James Bond arrives at Buck House by helicopter, sprints up the front staircase and walks in on the seated figure with the grey hair.  As she turns around and says, coolly, “Good evening, Mr. Bond” the entire Gale household, including my 90-year old Mother, splutters in unison “My God! It`s Her!”  Say what you like about the “Marxist undertones” of the whole opening extravaganza, the fact of the matter is that Her Maj, with help of her corgis,  just stole the show.
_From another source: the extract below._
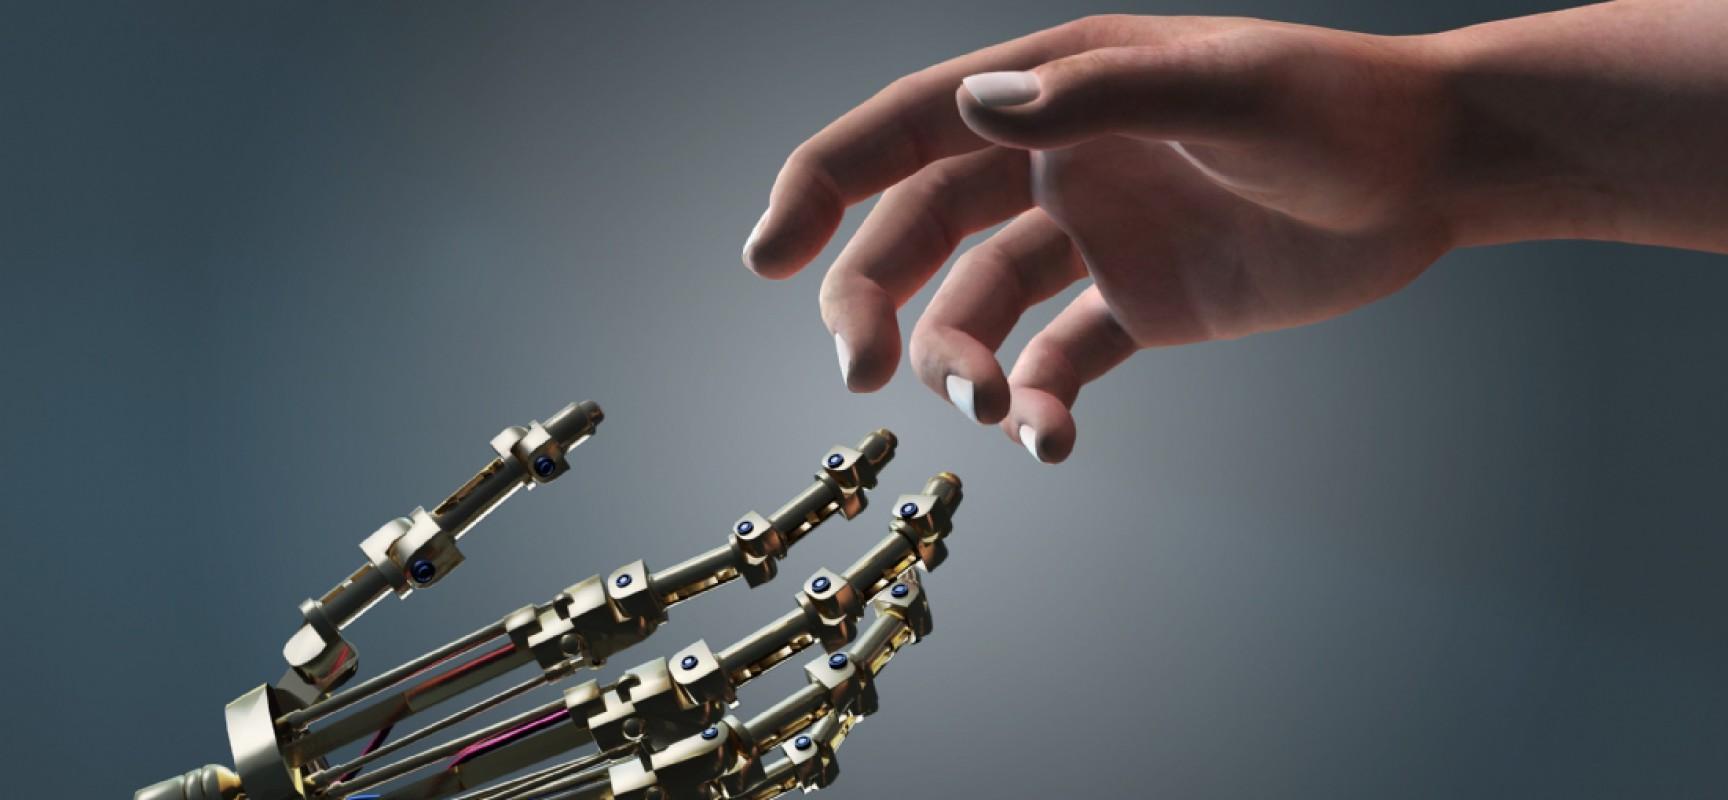 La science du transhumanisme  Intelligence-artificielle-quelles-opportunites-marques-T-1728x800_c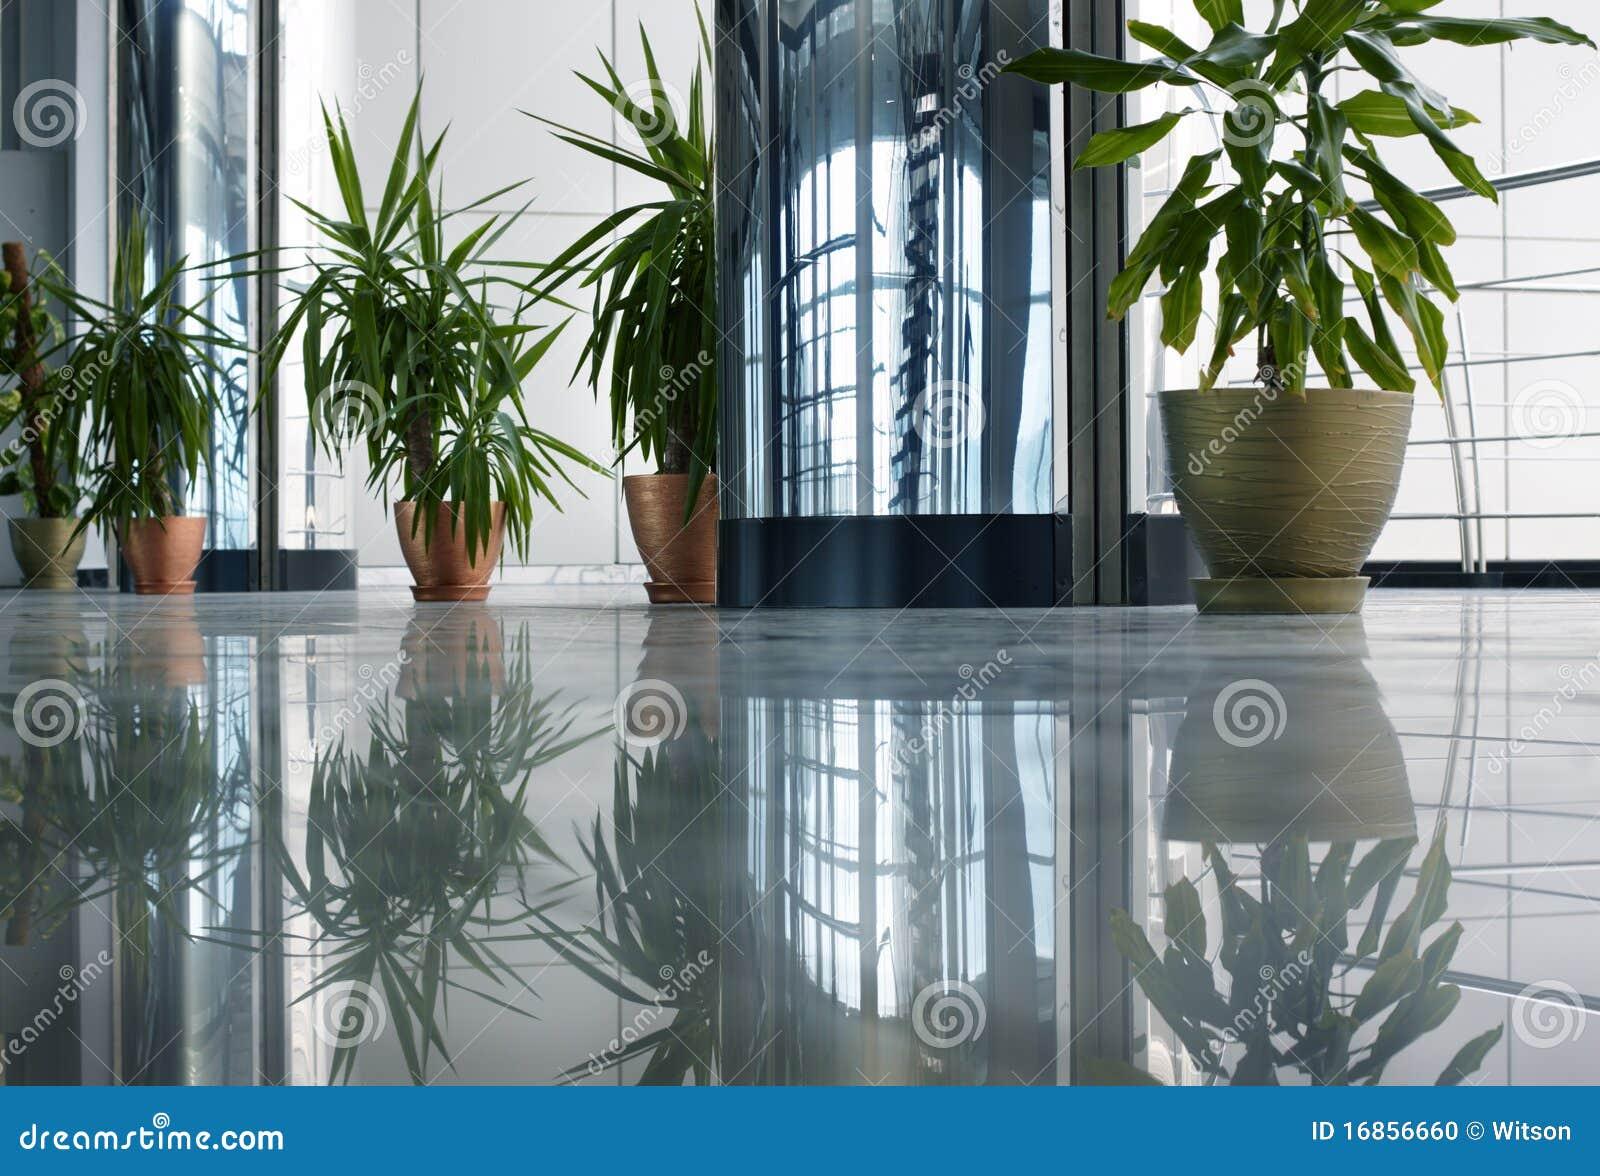 Download Interior foto de stock. Imagem de planta, assoalho, cidade - 16856660

What other Monarch, celebrating a diamond jubilee, could have got away with such delightfully wild eccentricity? Her entrance into the Olympic stadium ,  with Prince Philip, following a lookalike skydive from the helicopter performed by two stuntmen , brought the house down and the millions watching around the world can only have marvelled with envy at our good fortune in having managed to retain such an amazing institution as “The Firm”.
 
Ballswatch
 
The new immigration test is designed to examine visa-hunters in their knowledge of Shakespeare, Florence Nightingale, The Beatles, The Battle of Trafalgar, Brunel and the like in order to ensure that they can “integrate into society”.. How many existing UK residents do we suppose would pass the test?
 
Sample immigration test question: from which two places can you obtain advice if you have a problem at your place of work? (a) The CAB  (b) an MP  (c) your employer or (d) ACAS?
 
The “correct” answer is the CAB and ACAS. The Whitehall desk-bound author has clearly never seen the inside of an MP`s “advice surgery”.
 
The Equalities and Human Rights Commission is on the rack. To save money they propose to sack almost ninety of their lowest-paid staff almost all of whom come from ethnic minorities or are disabled.
 
As part of an American “tactical review” designed to protect civilians it is suggested that troops in Afghanistan should “not shoot until you are shot at”. A worthy concept dreamed up, no doubt, by a strategist who has not seen the front line recently.
 
Don`t ask me where these figures come from but apparently only one in five building labourers now bothers to wolf-whistle at passing pretty girls. The practice “represents times past”. Like opening doors, giving up seats and walking on the outside of the pavement, no doubt.
 
`Veteran Broadcaster` John Simpson, himself the reporter of many conflicts, has declared war on `management jargon` and wishes to `hunt down and destroy` Birt-speak and Americanisms`. Sounds good to me but BBC Standard English might not go down too well in Salford.
 
Labour`s Quango Queen Dame Suzi Leather has held a reported 30 posts in 15 years . Nice “work” if you can get it.
 
Olympic sponsors have paid large sums of money for the privilege of promoting their brands throughout the games but the “protection” of the Olympic logo extends, now, to words such as “summer” and “games” and the baker who made rings out of five bagels or the butcher who designed them out of strings of sausages or the florist who made five attractive rings out of paper flowers must have been bewildered to have their patriotism challenged by the Ring Police.
 
The authorities might better spend their time tracking down Swindon`s dastardly kidnapper.  Having stolen a beloved garden ornament he then posted a ransom note demanding “ £10 - or the gnome gets it”.
 
London`s Olympic `Zil` traffic lanes are clearly working well. President of the IOC, Jaques Rogge, was swept serenely into Central London accompanied by five police outriders.  Unfortunately, the dire warnings of a traffic-jammed city have proved such an effective deterrent that not only the Capital`s roads but also its theatres, shops and restaurants are empty and losing money fast.
 
Wirral Council has determined that teaching staff must register “lavish” gifts from grateful departing students. They should have taken a lesson from my now ageing  Scottish friend who says “thank you” to taxi drivers while telling them that “it`s an old Scottish custom that we use instead of a tip”!
 
“To avoid upsetting transgender students” Oxford University`s males may now wear skirts and stockings to exams. References to “men and women” have now been dropped from the dress code .
 
And finally
 
The Olympic Games are “not inclusive but ruthlessly and dazzlingly elitist” says Mayor Boris.  More from the stadium next month.